In a terrorism trial held in a federal District Court in Manhattan, Faisal Shahzad, who attempted to set off a bomb in Times Square, was sentenced to life in prison for the crime. He did not get “a platform to express his hideous ideology,” nor was his trial either a target for global terrorism or a recruiting poster for Al Qaeda. It was just a trial, a perfectly ordinary trial where evidence was presented and the judge reached a fairly swift verdict.
Mind you, Shahzad certainly tried to use his sentencing to express his views, but I think the net effect of that in the Muslim world will be absolutely nothing.

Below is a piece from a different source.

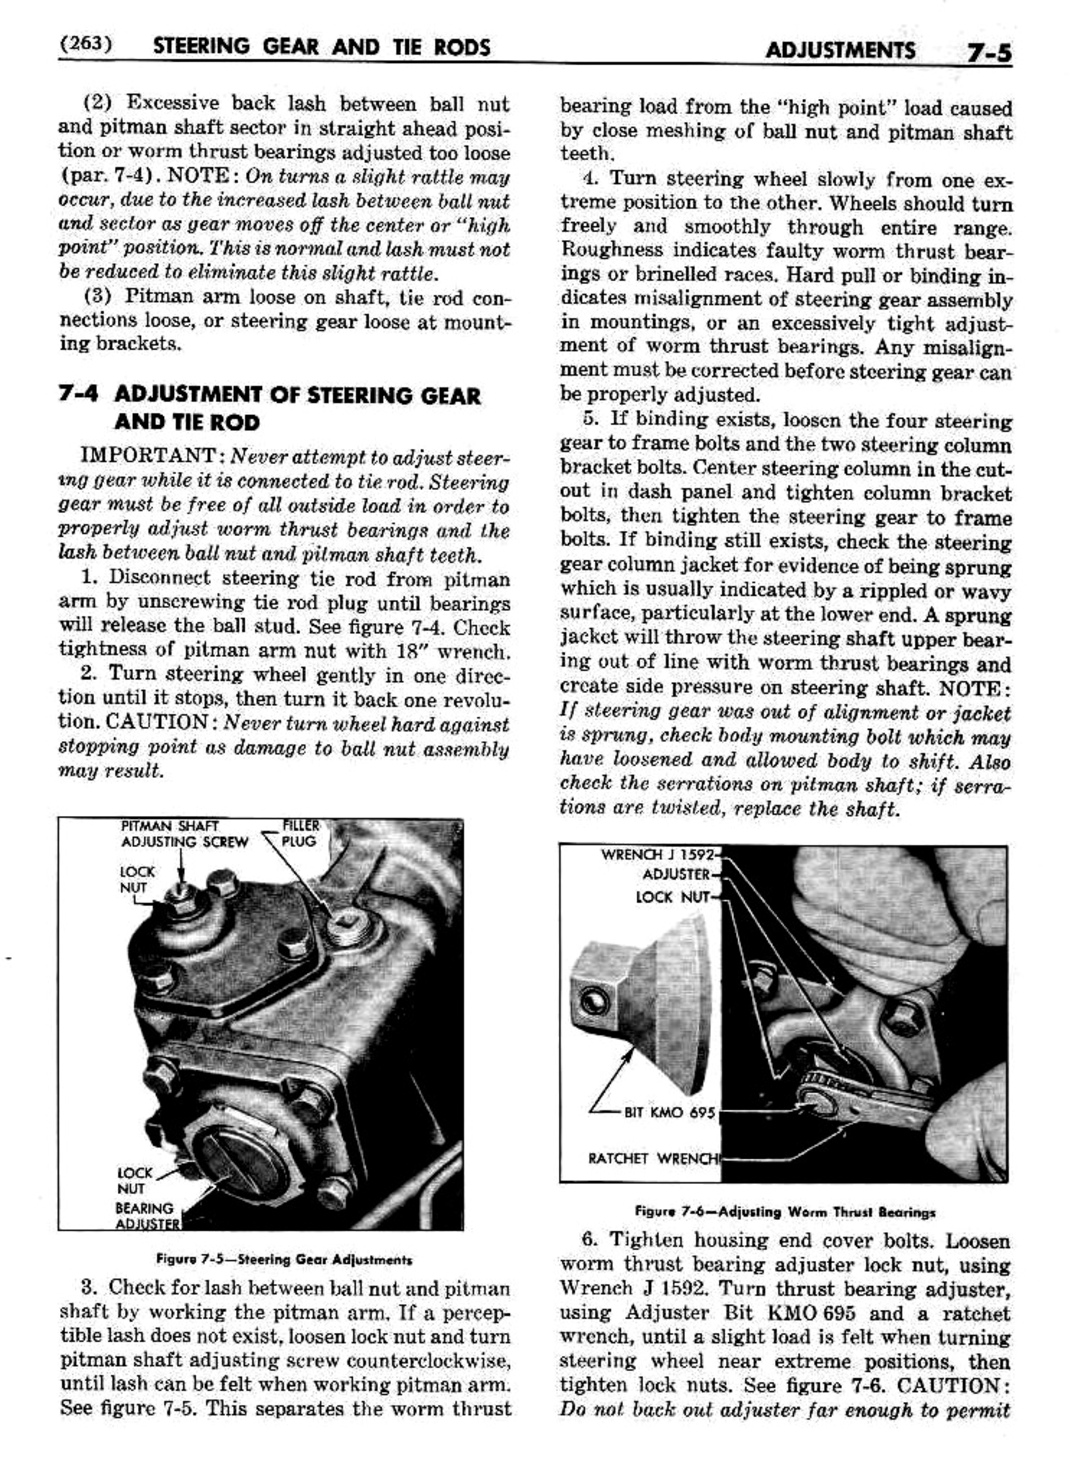 n_08 1951 Buick Shop Manual - Steering-005-005.jpg

Faisal Shahzad, who pleaded guilty to trying to blow up a sport utility vehicle carrying a homemade bomb in May in Times Square, thick with Saturday visitors, was sentenced on Tuesday morning to spend the rest of his life in prison. Remaining defiant, and smirking as the sentence was read, he told the court: “Brace yourselves, because the war with Muslims has just begun.”

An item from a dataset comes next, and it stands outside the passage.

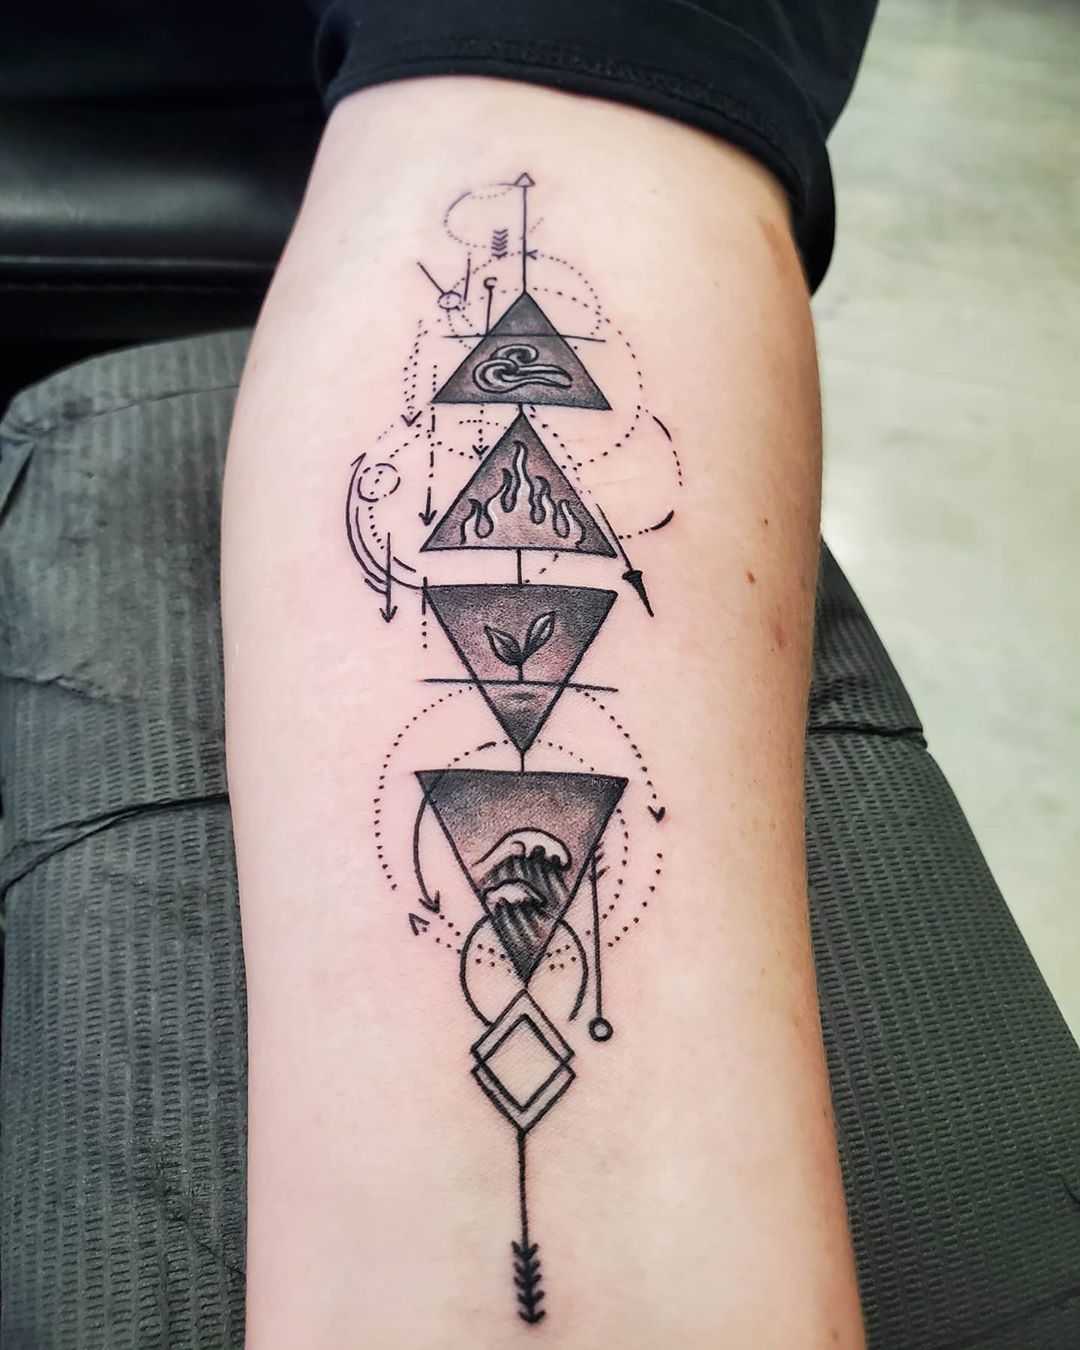 ≫ 116 Triangle Tattoos With Original Designs

He later continued: “The defeat of the U.S. is imminent and will happen in the near future.”
Now Shahzad will enter prison for the rest of his life, never to be heard from again. That’s a proper law enforcement response to attempted murder, and it can just as easily be done with Khalid Sheikh Mohammed as it was with Faisal Shahzad. KSM planned to plead not guilty, but his words about the US government would get printed in the paper, just as Shahzad’s did, and not broadcast to the entire world. The Shahzad case proves pretty definitively that a law enforcement approach to terrorism can work, and the legal system is more than equipped to handle the cases.
UPDATE: I’m pleased that the Administration is crowing about this.